Whatever reasons make you hesitant to have children, spend time honouring them, instead of exploring your question through the single lens of the climate crisis.
Parents need support too
If you're already a parent, you might be looking for ways to support yourself or help your kids with their own climate anxiety. I recommend Elizabeth Bechard's Parenting in a Changing Climate and psychotherapist Jo McAndrews's talk on supporting children in the face of climate change.
Support groups like the Good Grief Network's 10-Steps to Personal Resilience & Empowerment in a Chaotic Climate program are designed to help navigate difficult emotions related to climate change, use these emotions to inspire purposeful action. They also offer a parent-specific program to help individuals get serious about raising resilient kids in a warming world.

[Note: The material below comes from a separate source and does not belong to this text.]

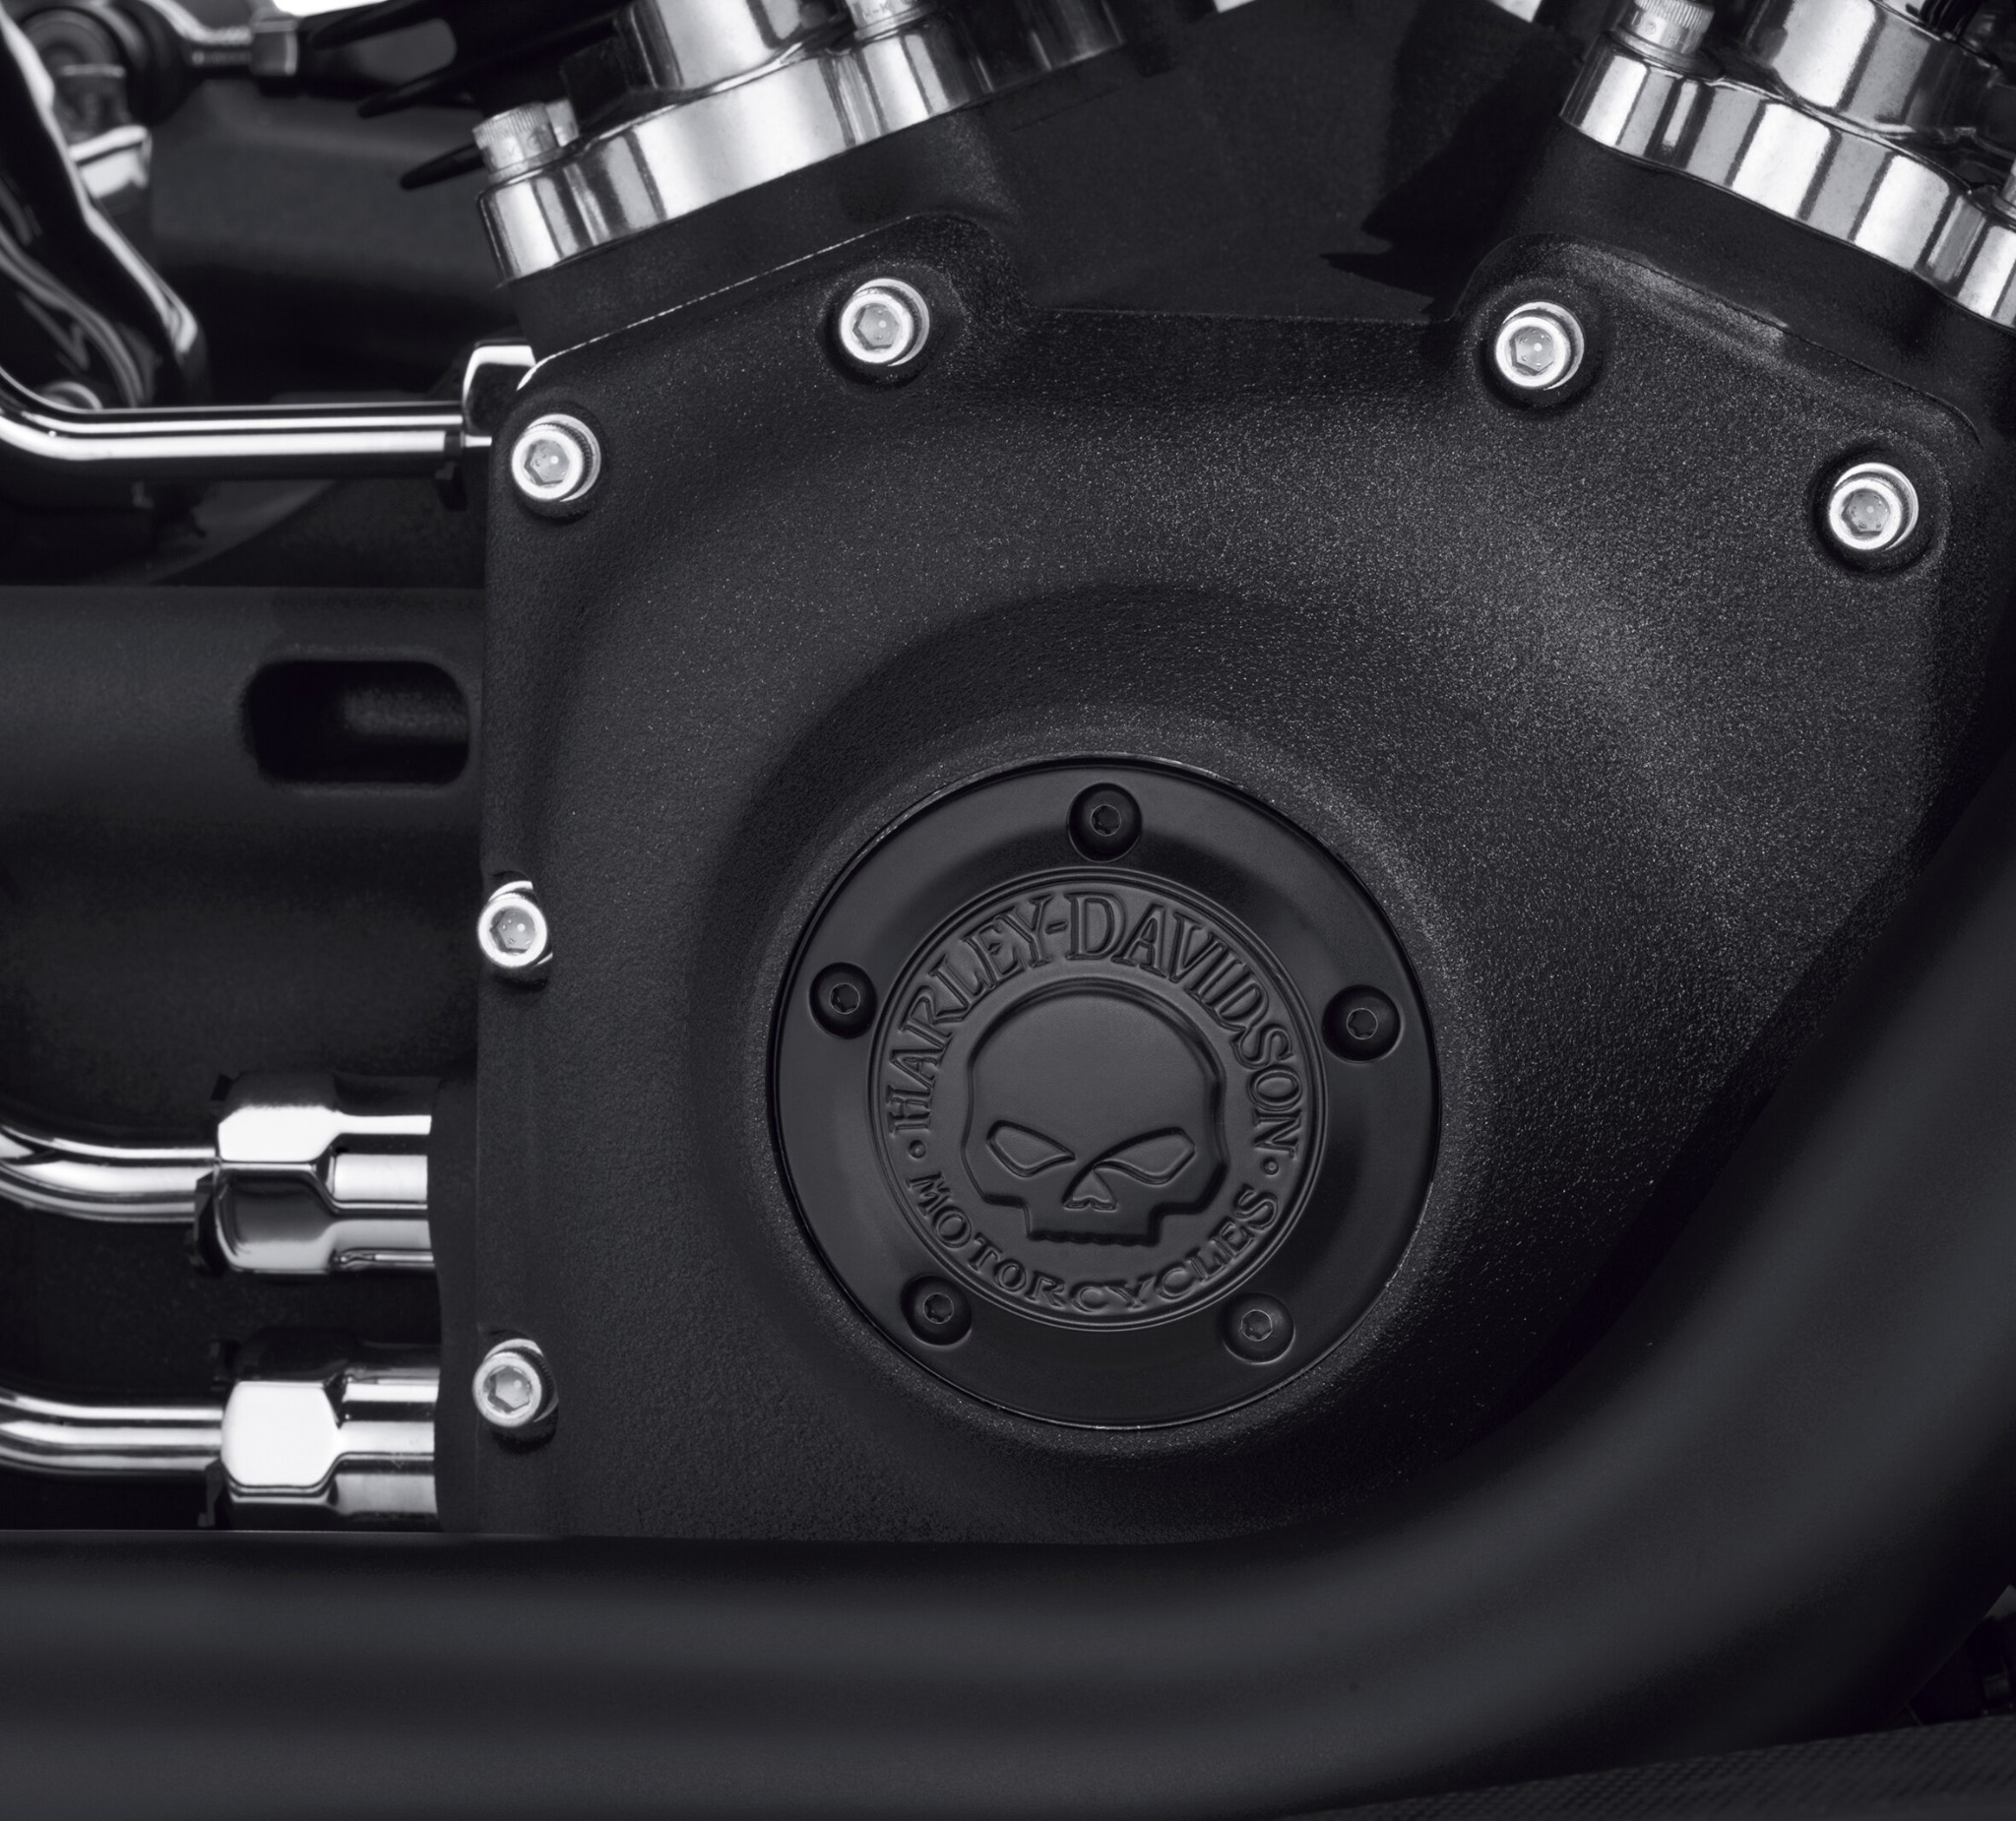 Harley Davidson timing cover screw set.

In writing Generation Dread, I researched the ways one can live more meaningfully amid the climate crisis, and the importance of channeling anxiety and grief into transformative action.
I wrestled with this same dilemma myself, both professionally and personally, for more than three years. For me, having a child was an expression of joy and courage over despair. Others may stay childfree as a way to be happier and less stressed. It is different for each of us.
Britt Wray is author of Generation Dread, a book and newsletter that examines the mental health impacts of the climate crisis and what we can do about it. She is featured in the documentary The Climate Baby Dilemma.
Watch The Climate Baby Dilemma.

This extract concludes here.